For static arrays, we can extract the matrix size solely from the type:

In [None]:
size(typeof(S)) # doesn't error

Hence, the compiler can utilize the fact that `S` is a 2x2 matrix - it can create different specializations for different matrix sizes.

In [None]:
@btime det(S);

In fact, let us check what `det(S)` is actually doing under the hood.

In [None]:
@code_typed debuginfo=:none det(S)

Let's translate this into something more readable:
```julia
%2 = %3 = S[1,1] = 1
%4 = %5 = S[2,1] = 3
%6 = %7 = S[1,2] = 2
%8 = %9 = S[2,2] = 4

%10 = %3 * %9 = S[1,1] * S[2,2]
%11 = %7 * %5 = S[1,2] * S[2,1]
%12 = %10 - %11 = S[1,1] * S[2,2] - S[1,2] * S[2,1]
```

**Overall it just corresponds to the explicit formula that we hand-coded in `det_2x2`!**
```julia
det(S) = S[1,1] * S[2,2] - S[1,2] * S[2,1]
```

(Side remark: of course, here it is not really the compiler that does the job but it gets help from multiple dispatch: StaticArrays.jl just implements a specific method of the function `det` for the 2x2 case, see `@edit det(S)`. But you hopefully get the point.)

In [None]:
@edit det(S)

**Other operations sped up by using StaticArrays.jl**

```
============================================
    Benchmarks for 3×3 Float64 matrices
============================================
Matrix multiplication               -> 5.9x speedup
Matrix multiplication (mutating)    -> 1.8x speedup
Matrix addition                     -> 33.1x speedup
Matrix addition (mutating)          -> 2.5x speedup
Matrix determinant                  -> 112.9x speedup
Matrix inverse                      -> 67.8x speedup
Matrix symmetric eigendecomposition -> 25.0x speedup
Matrix Cholesky decomposition       -> 8.8x speedup
Matrix LU decomposition             -> 6.1x speedup
Matrix QR decomposition             -> 65.0x speedup
```

Of course, by putting more information in the type you are putting more stress on the compiler to optimize things. If the static arrays are too big compile time might explode or the compiler might just give up and fall back to a slow default version.

Hence, static arrays are only useful as small fixed-size arrays.

In [None]:
# # might take longer to compile and the speedup is gone
# N = 20
# M = rand(N,N);
# m = SMatrix{N,N}(M);

# println("Inversion")
# @btime inv($m);
# @btime inv($M);

# Are explicit type annotations necessary? (like in C or Fortran)
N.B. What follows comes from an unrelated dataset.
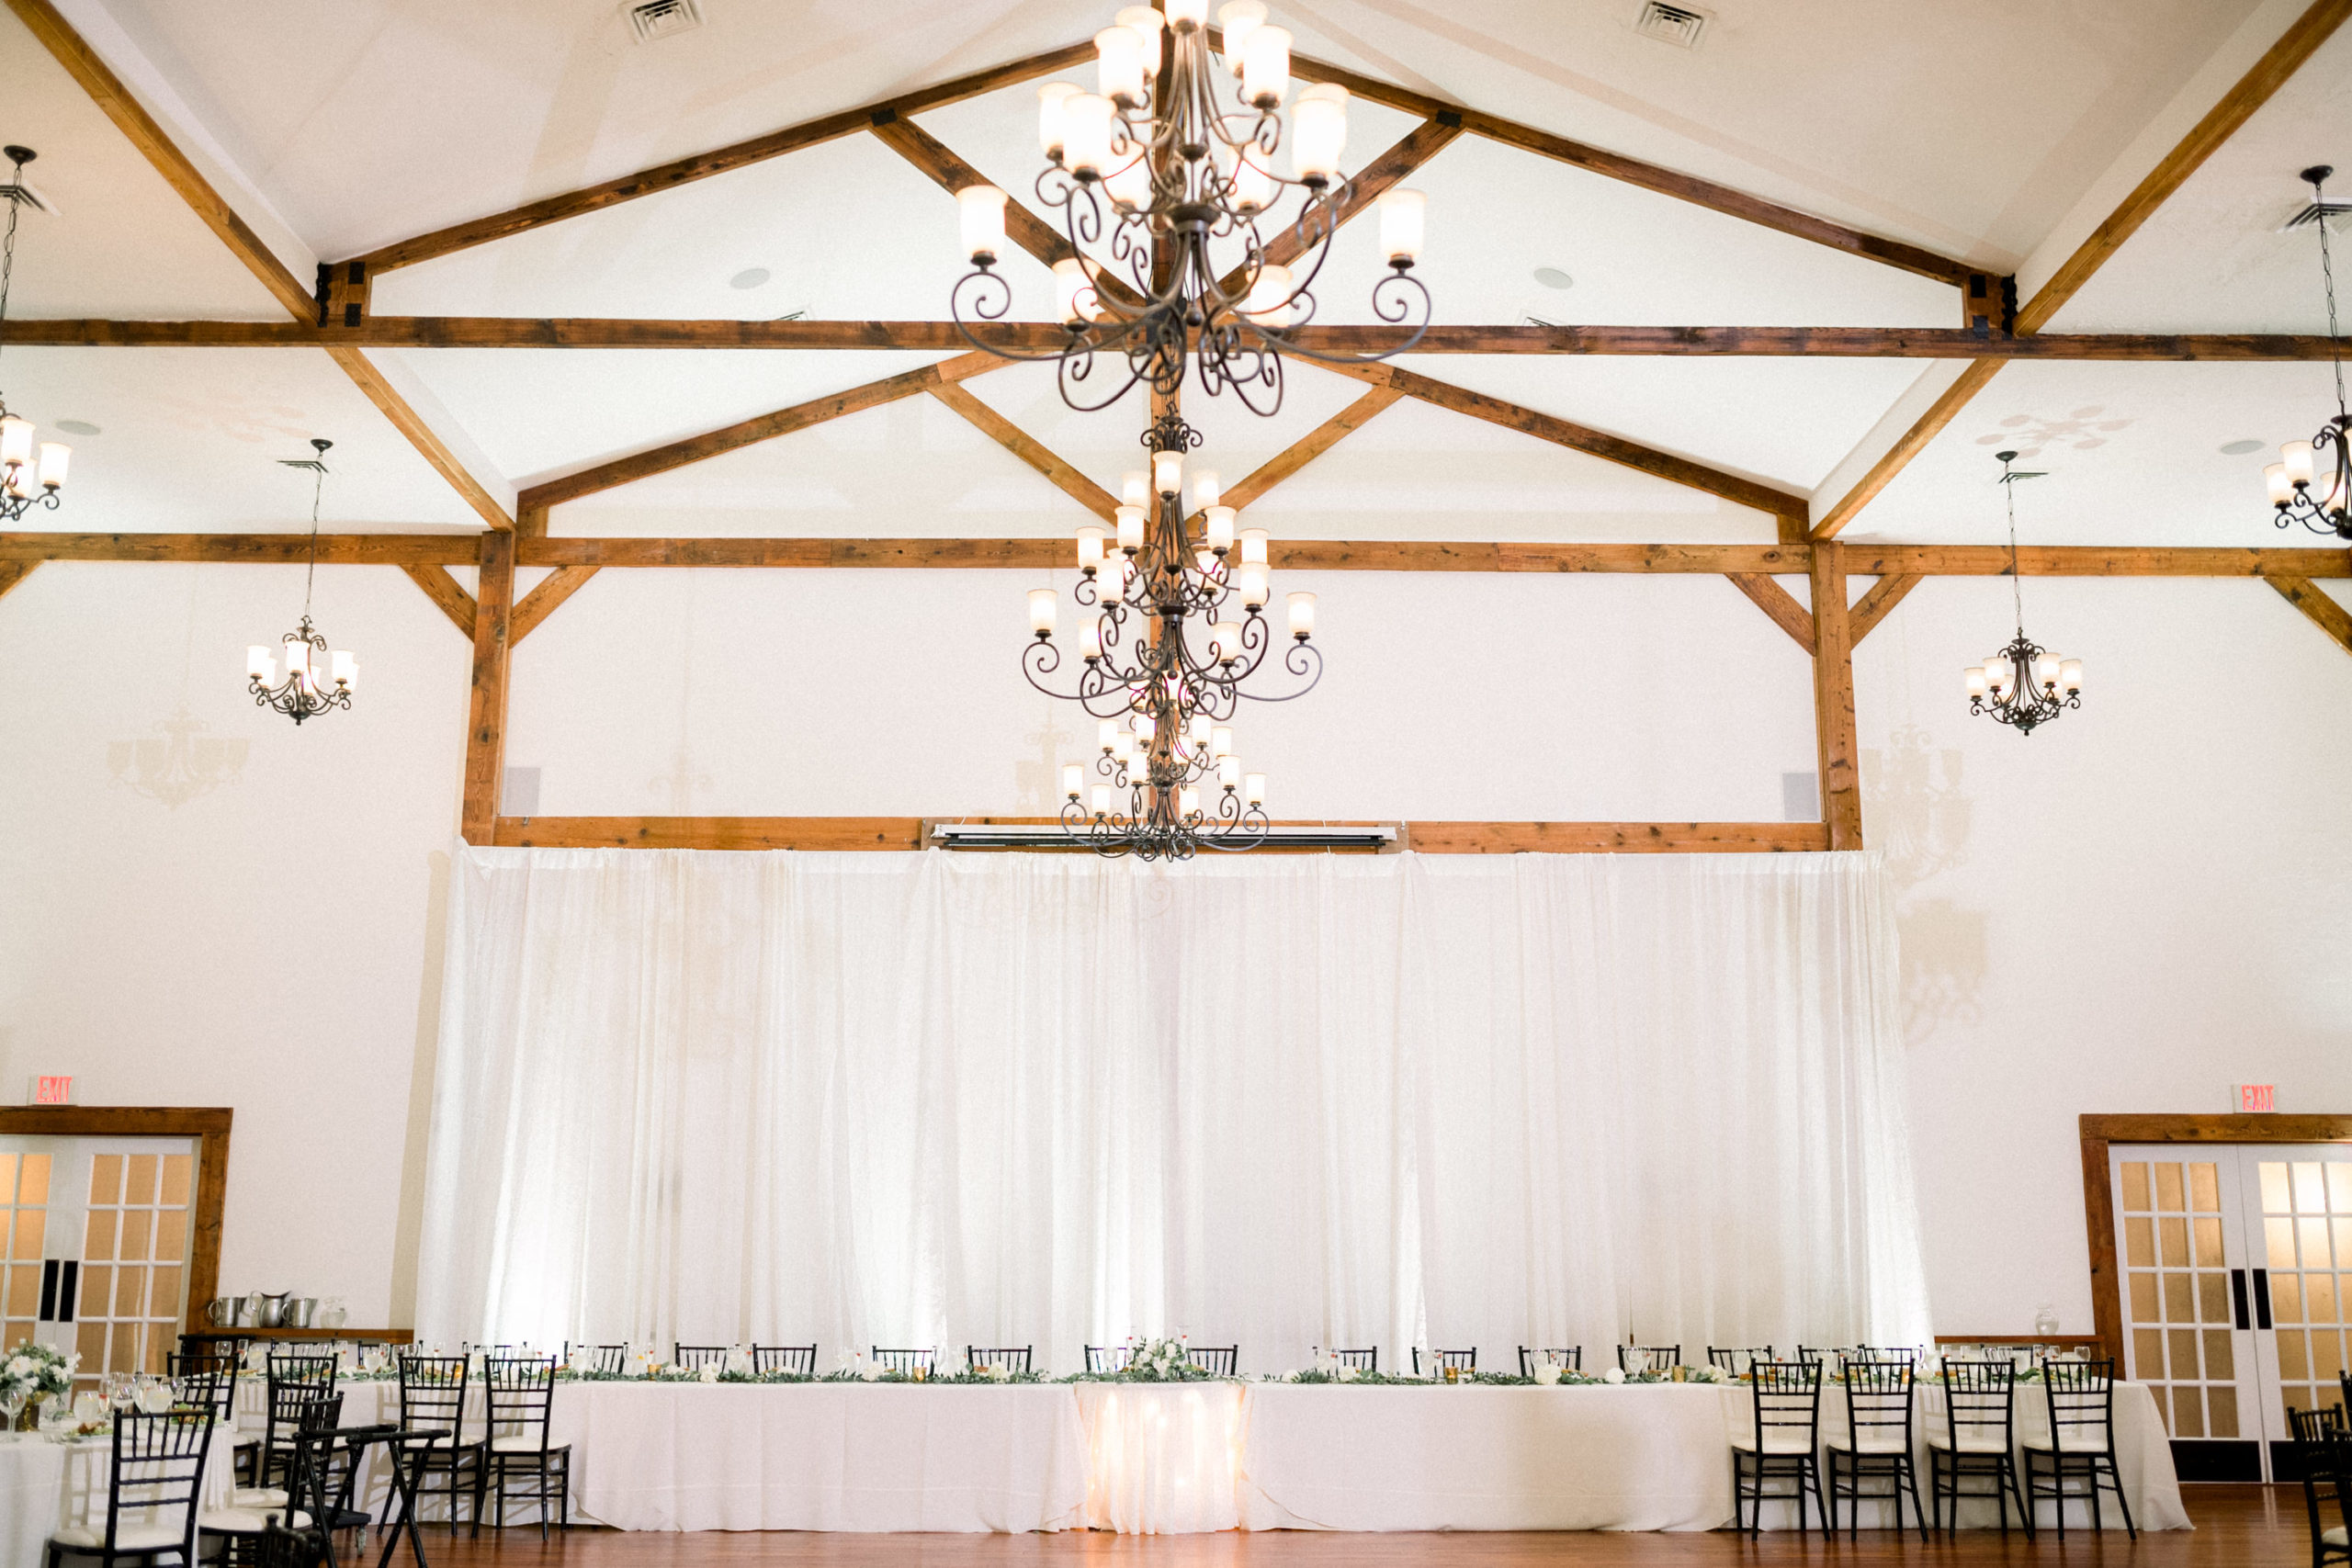 reception hall with iron chandeliers and exposes wooden beams with white drapes

Note that Julia's type inference is powerful. Specifying types **is not** necessary for best performance!

In [None]:
function my_function(x)
    y = rand()
    z = rand()
    x+y+z
end

function my_function_typed(x::Int)::Float64
    y::Float64 = rand()
    z::Float64 = rand()
    x+y+z
end

In [None]:
@btime my_function(10);
@btime my_function_typed(10);

 However, annotating types explicitly can serve a purpose.

* **Define a user interface/type filter** (will throw error if incompatible type is given)
* Enforce conversions
* Rarely, help the compiler infer types in tricky situations

# Core messages of this Notebook

* Julia **can be fast.**
* **A function is compiled when called for the first time** with a given set of argument types.
* The are **multiple compilation steps** all of which can be inspected through macros like `@code_warntype`.
* **Code specialization** based on the types of all of the input arguments is important for speed.
* Calculations can be moved to compile-time to make run-time faster.
* In virtually all cases, **explicit type annotations are irrelevant for performance**.
* Type annotations in function signatures define a **type filter/user interface**.